_TASK GOAL_
In the records below, the lines between the one holding "Giày lười da" and the one holding "Arsenal tröja", inclusive, are to be transcribed exactly; no pictures are to be included.

═════ INPUT DATA ═════

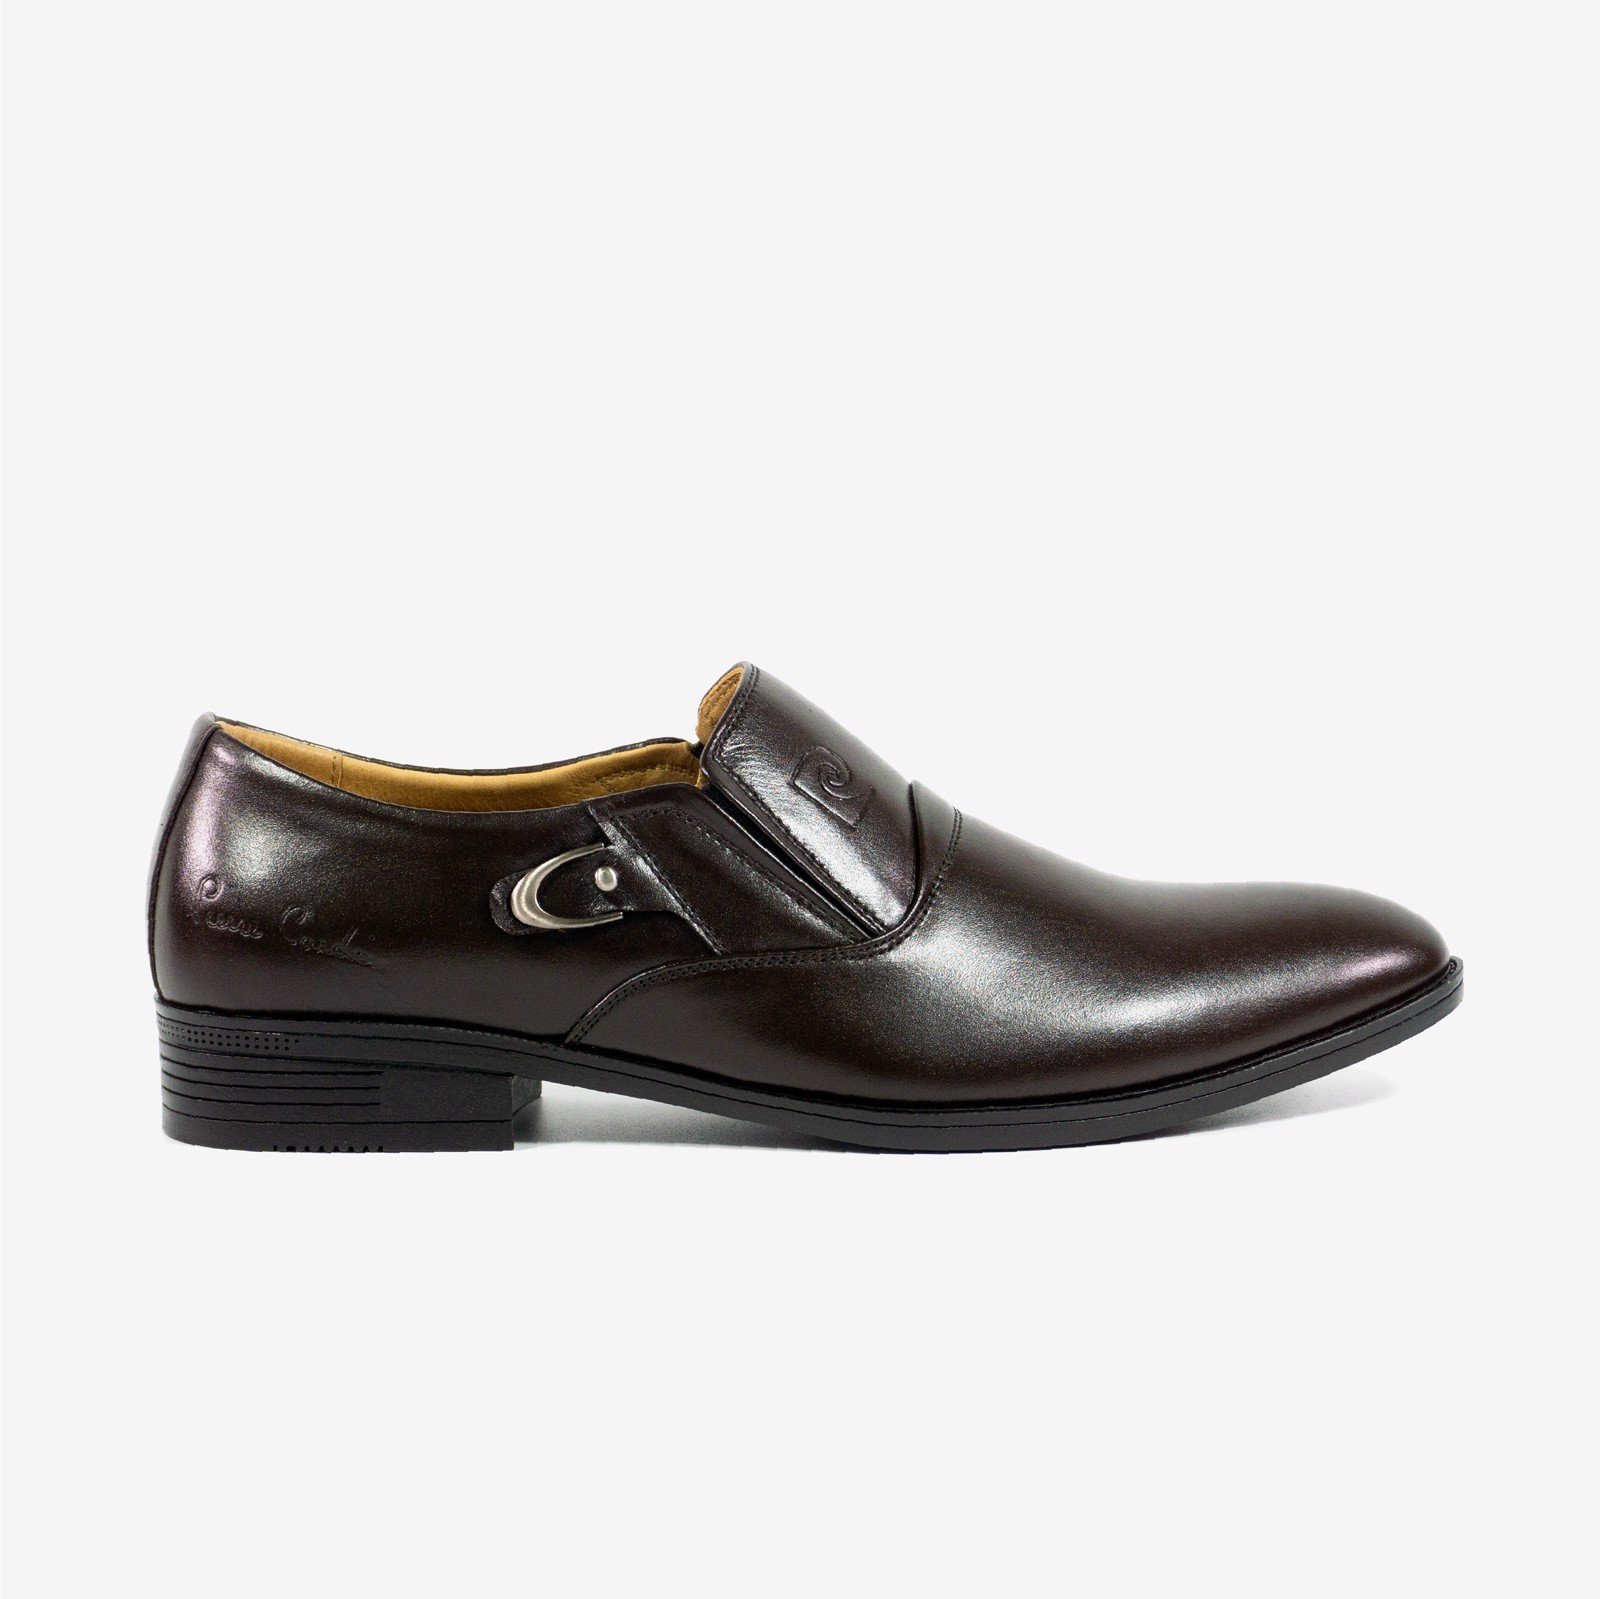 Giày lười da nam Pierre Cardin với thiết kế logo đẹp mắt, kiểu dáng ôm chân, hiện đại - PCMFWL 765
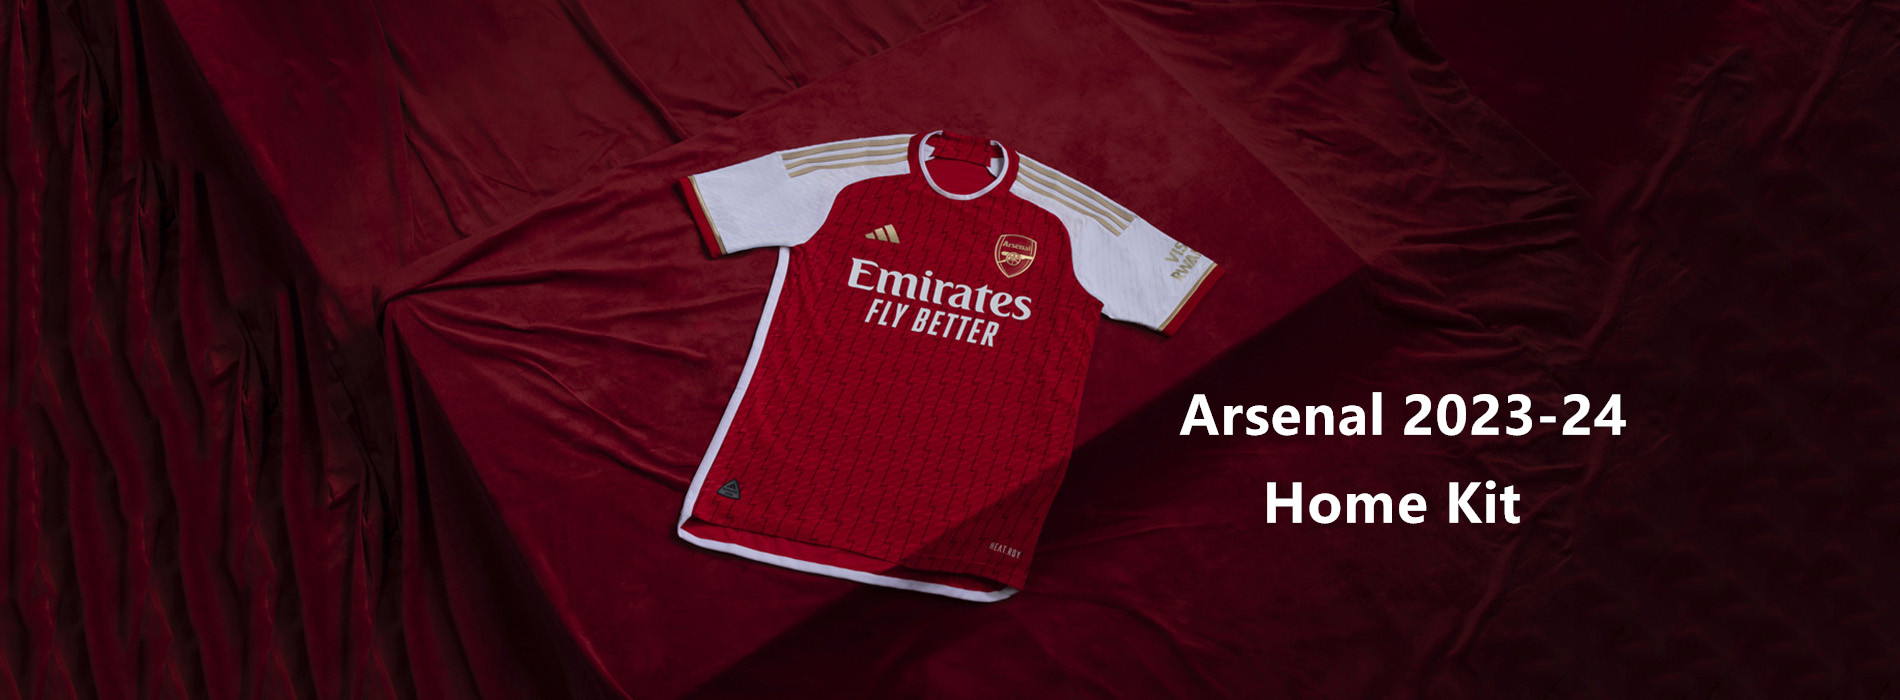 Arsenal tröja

═════
═════ INPUT DATA ═════

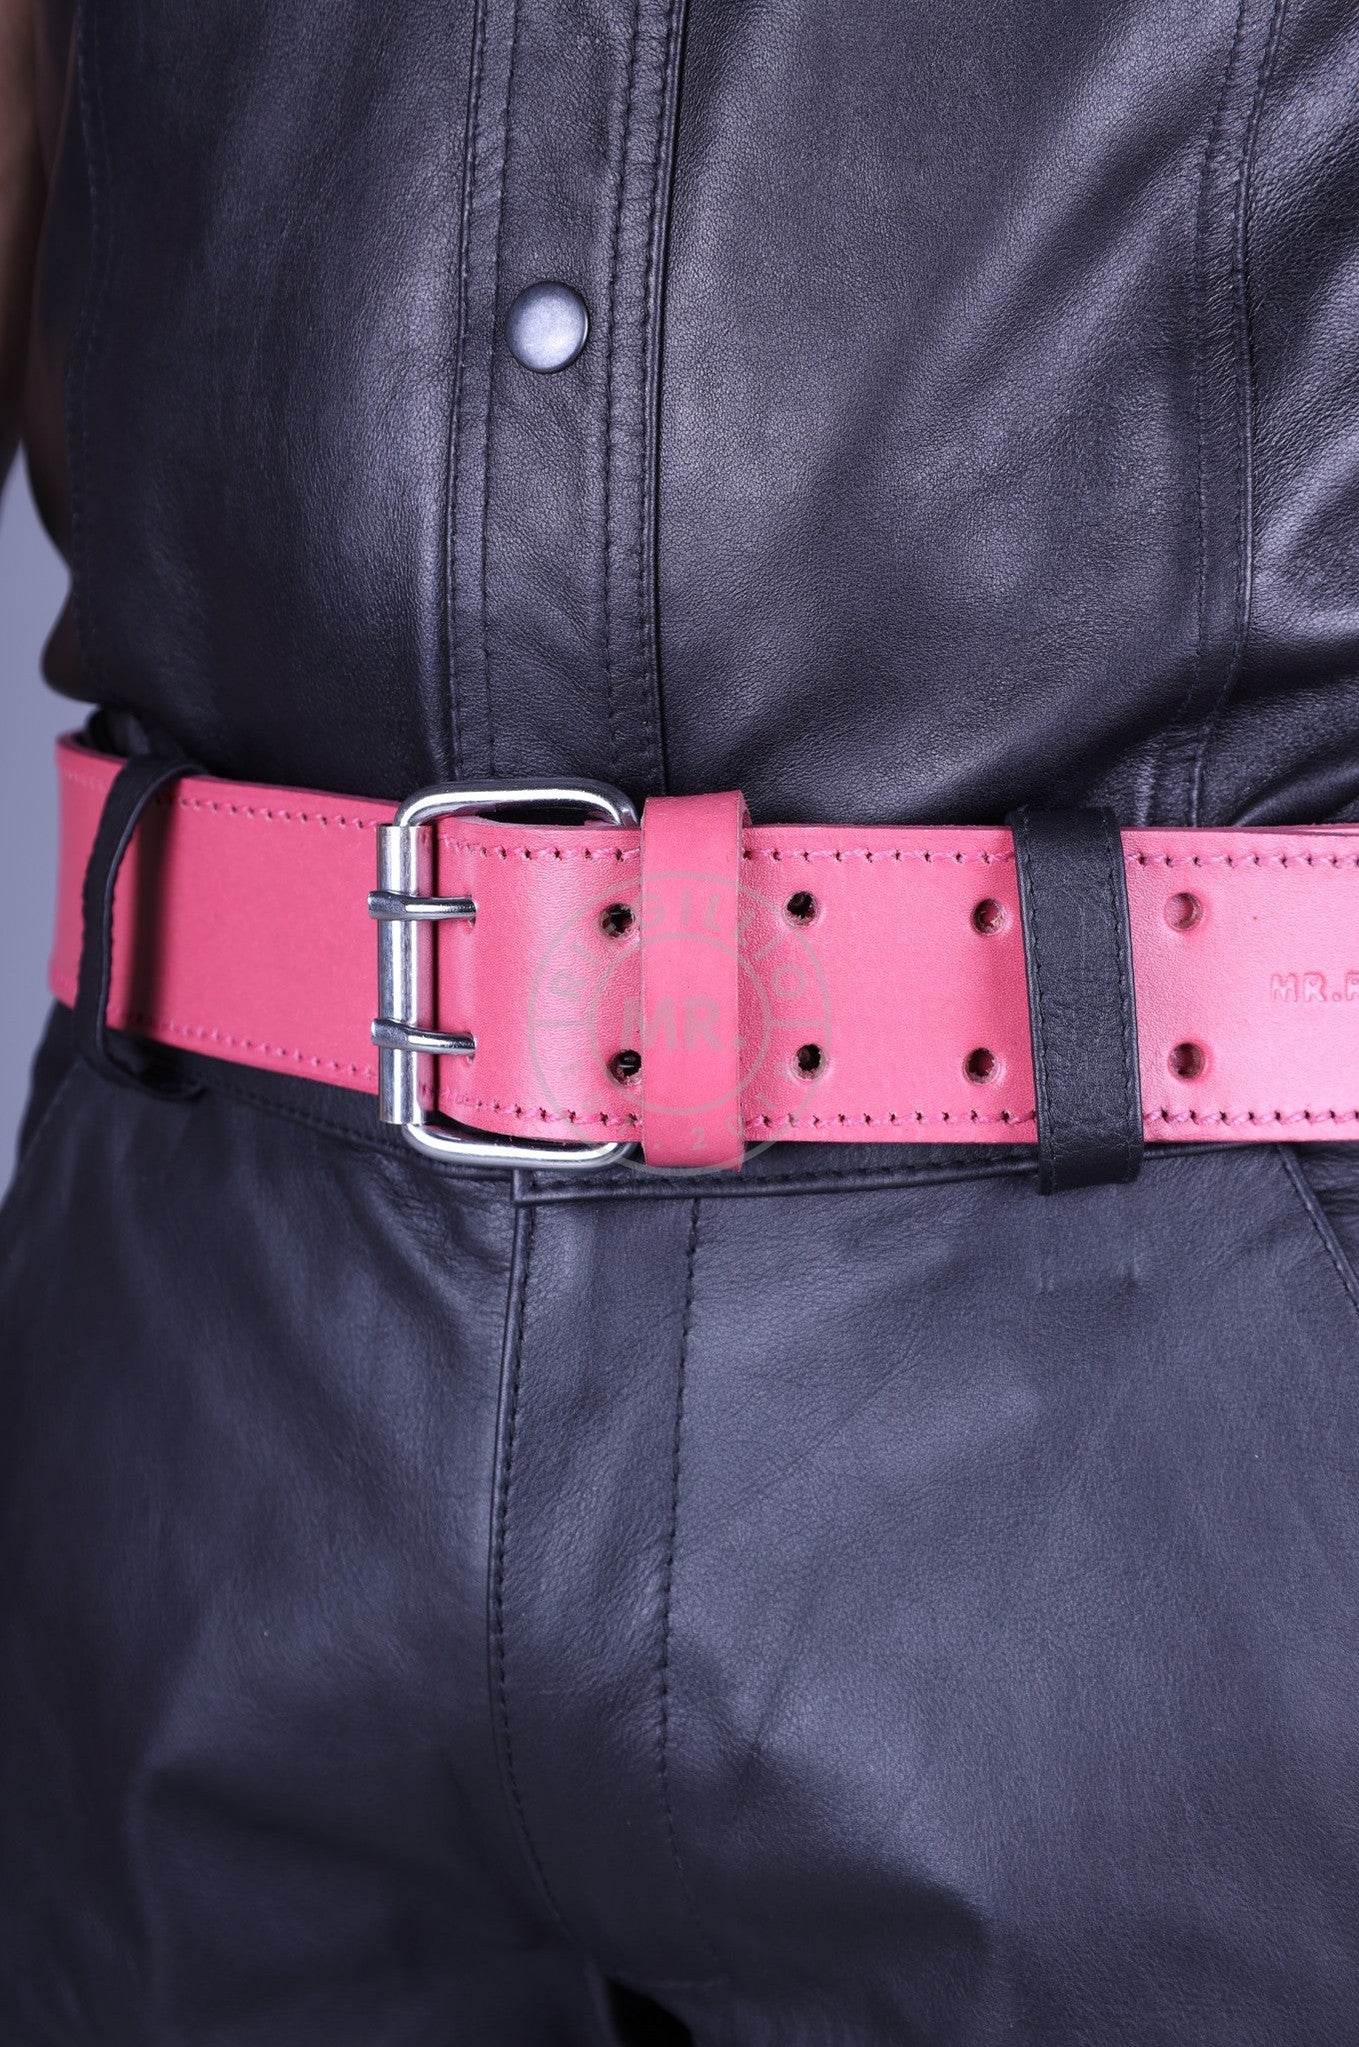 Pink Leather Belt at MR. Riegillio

═════
═════ INPUT DATA ═════

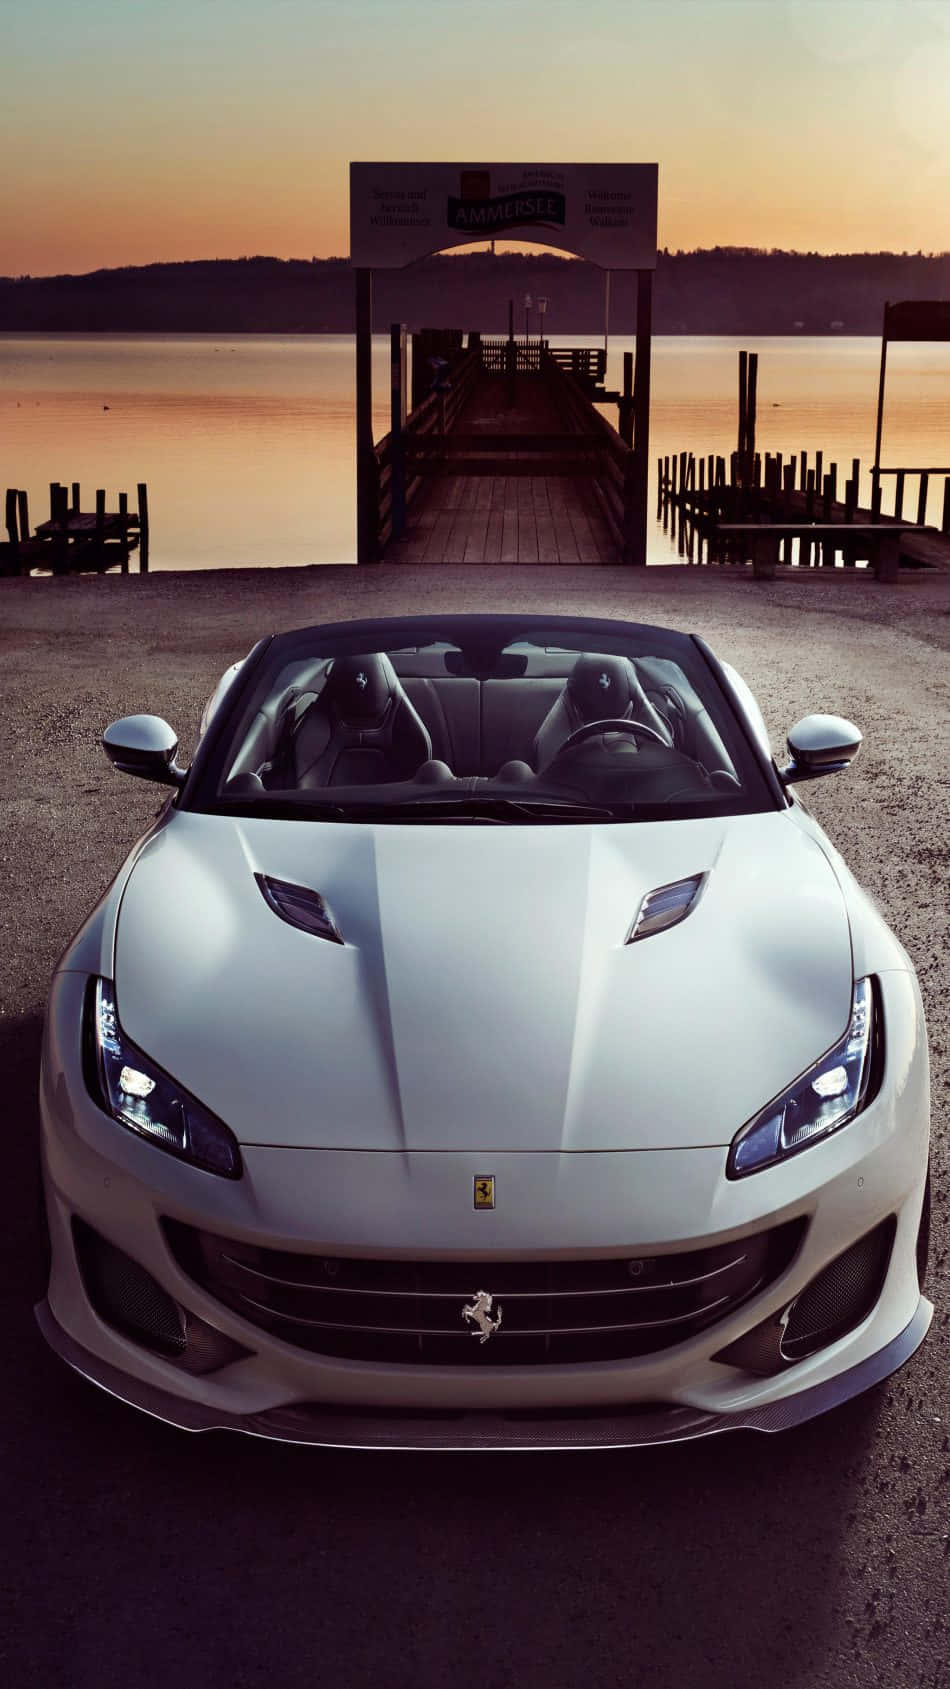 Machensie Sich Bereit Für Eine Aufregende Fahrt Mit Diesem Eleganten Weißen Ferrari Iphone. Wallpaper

═════

_ANSWER TO THIS PROBLEM_
 Giày lười da nam Pierre Cardin với thiết kế logo đẹp mắt, kiểu dáng ôm chân, hiện đại - PCMFWL 765
 Arsenal tröja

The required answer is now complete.